For each extraction lab (top panel) and kit manufacturer (bottom panel), log10(p-values) from a paired t-test for no difference between shipped and locally extracted DNA. Different colors represent results from different phyla as indicated in the figure legend. Bioinformatics pipelines agreed closely at the phylum level, leading to clusters of near-identical points for each color. When kits from certain manufacturers (such as MO-BIO and Omega biotek) were used by the locally extracting lab, there was good agreement with the shipped DNA (which was extracted with a MO-Bio kit). However, for other kits, there were substantial differences in the relative abundance calls at the phylum level, producing small p-values.

Supplementary Figure 10 Taxonomic profiles of positive-control and negative-control samples stratified by extraction, handling lab, and bioinformatics.

Average relative abundance profiles for A) fecal and B) oral artificial communities (see Supplementary Table 1) and C) buffer blank sample profiles stratified by extraction location (super-row), handling lab (super-column), and bioinformatics lab (column). Only taxa (rows) achieving at least 0.1% relative abundance in at least one sample are shown; combinations for which no data were provided are gray.
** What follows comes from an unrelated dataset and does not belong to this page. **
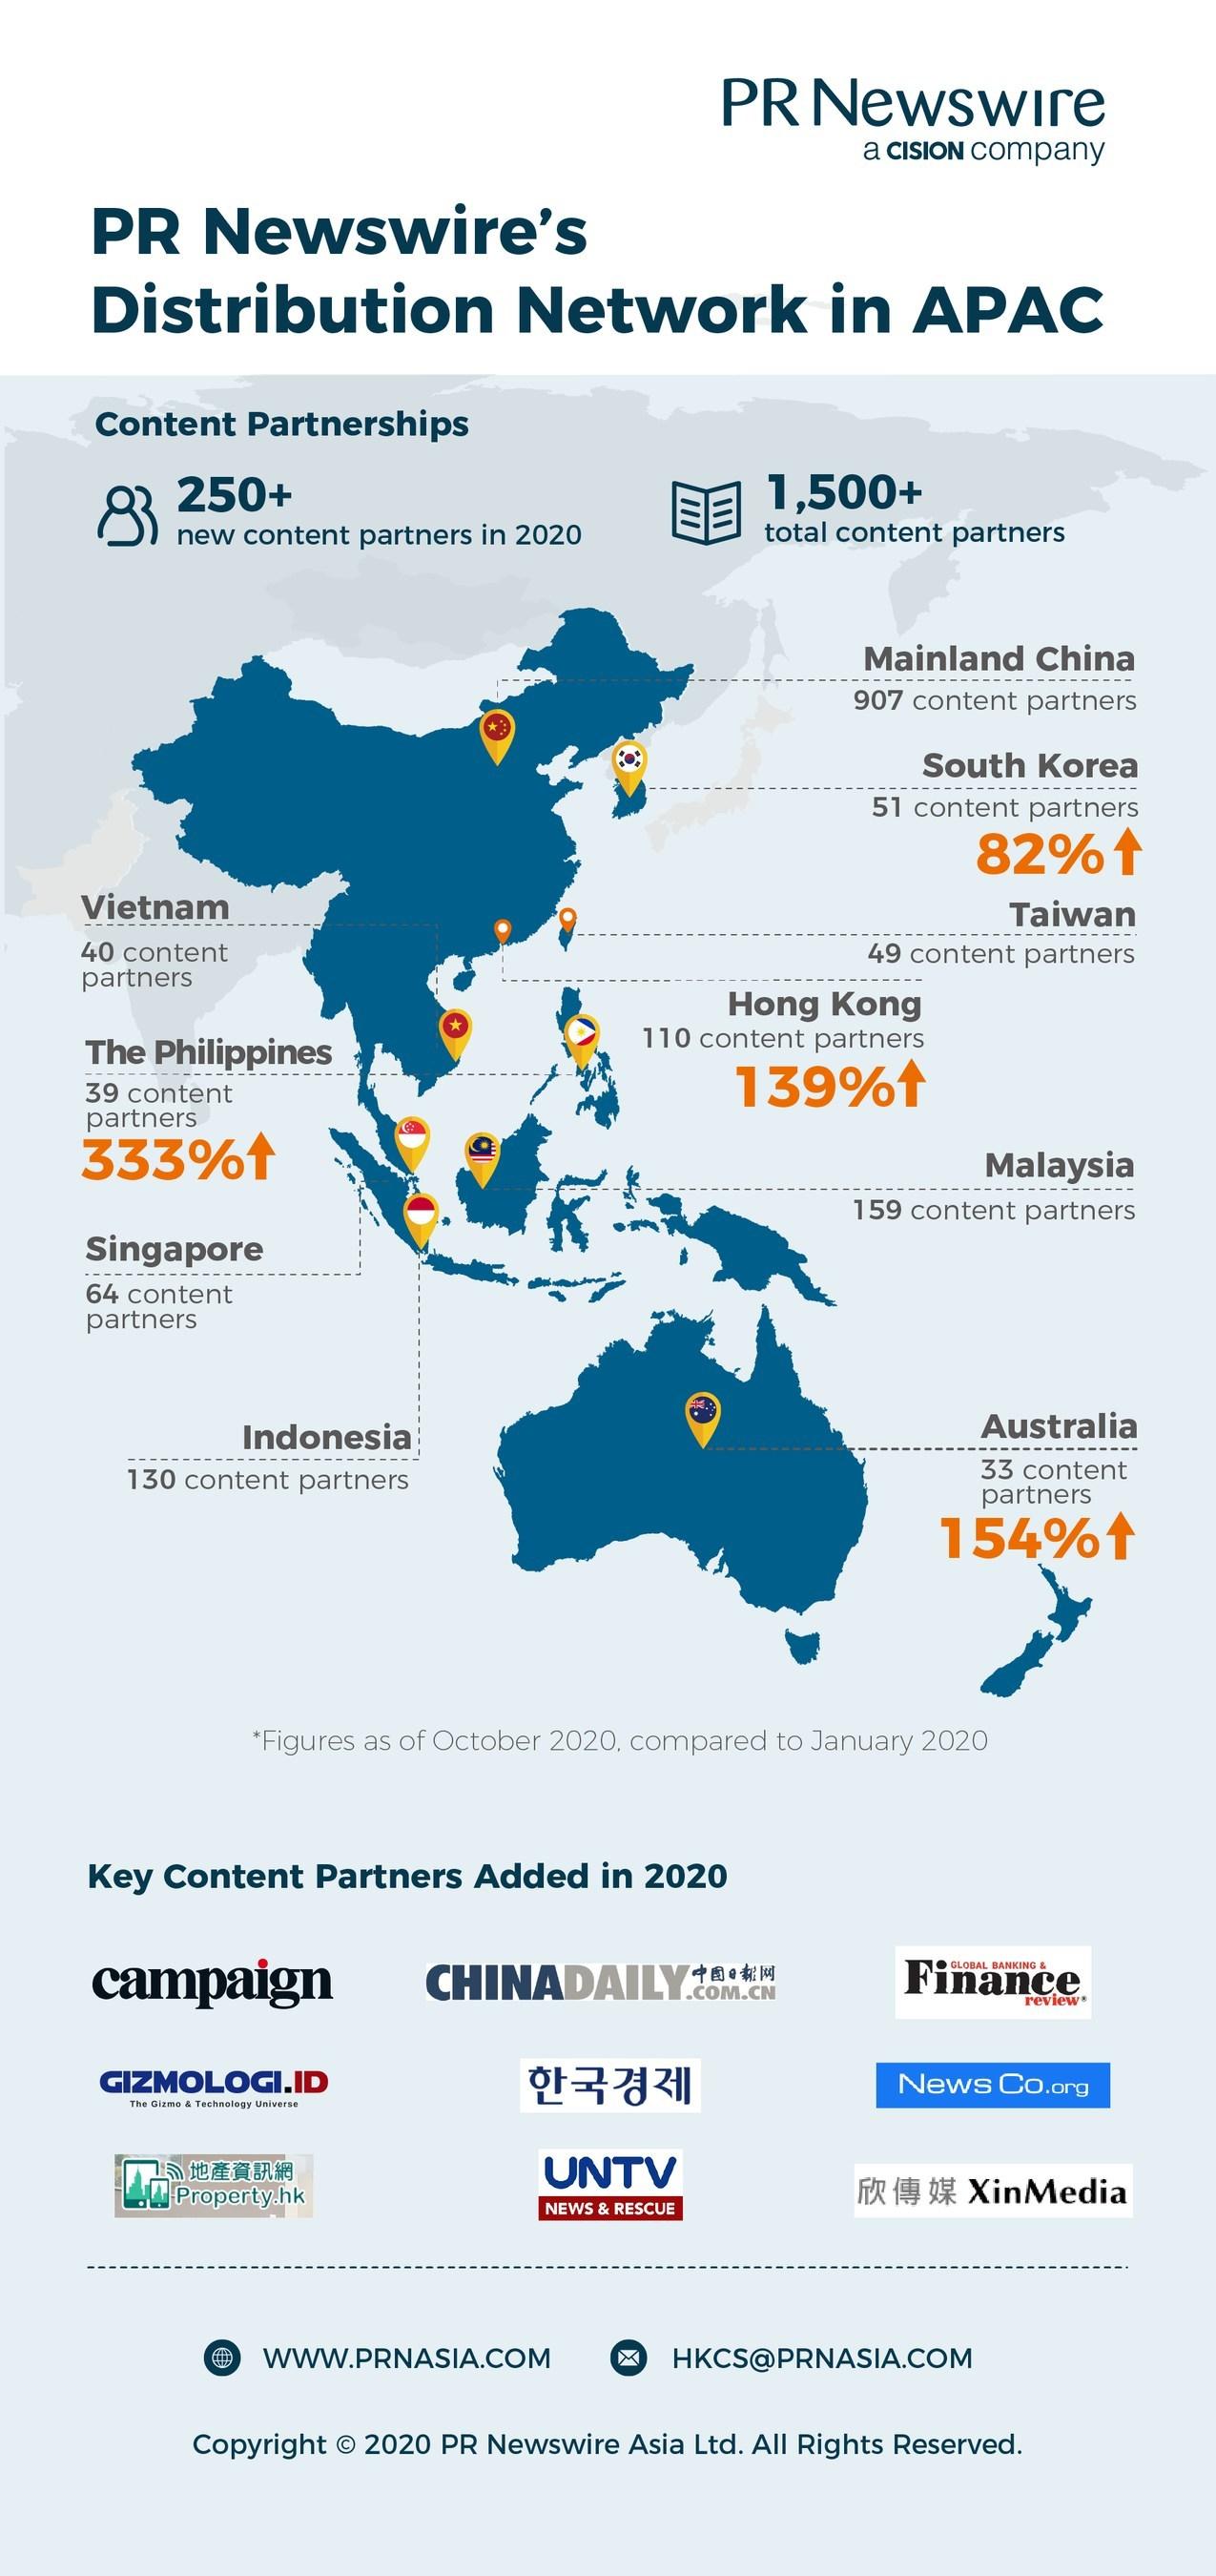 PR Newswire's Distribution Network in APAC 2020

Supplementary Figure 11 Alpha diversity of gut- and oral-derived artificial communities and negative-control blanks as stratified by handling and bioinformatics laboratories.

Rarefaction curves for mean number of OTUs as a function of rarefaction depth for the fecal (A-B) and oral (C-D) artificial communities and for negative control blanks (E-F). Means and standard error for a minimum of 5 samples are shown for different bioinformatic pipelines (average across handling labs; A, C, E) or for different handling labs (averaging across bioinformatics; B, D, F). Target values are 20 for fecal and 22 for oral artificial communities, respectively.

Supplementary Figure 12 Correlation between taxonomic profiles from whole metagenome shotgun (WMS) and 16S amplicon sequence data on stool and oral artificial communities.

Relative abundances calculated from WMS (horizontal) and 16S rRNA gene (vertical) artificial community sequence data for 17 and 19 species, from gut and oral artificial communities, which were identifiable from both sequence sets. Each point represents the species relative abundance interquartile ranges (IQRs) for WMS and 16S; the IQRs intersect at respective median values. Spearman rho correlation coefficients are shown in the top left of each plot. The dashed diagonal line represents the diagonal. Data are summarized from 43, 36, 43, and 40 artificial community 16S amplicon samples for gut centrally and locally, and oral centrally and locally extracted DNA samples, respectively; twelve WMS samples, three in each respective group, were summarized in each subplot.

Supplementary Figure 13 Mismatched raw reads in artificial communities account for ˜30% of sequences and vary by handling laboratory.

A) Fecal and B) oral artificial community fractions of reads exactly matching one of the 20 or 22 reference 16S rRNA gene sequences, respectively. Each bar represents one sample, with copy numbers varying depending on the data deposited and the number of sample sets handled. C) Fecal and D) oral per-nucleotide error rates estimated based on reads containing exactly one mismatch to reference 16S rRNA gene sequences. E) Fecal and F) oral reads identical to references but offset by either one or two nucleotides. G) Fecal and H) oral reads containing chimeric sequences from two known community members (as determined by exhaustive search of all reference pairs).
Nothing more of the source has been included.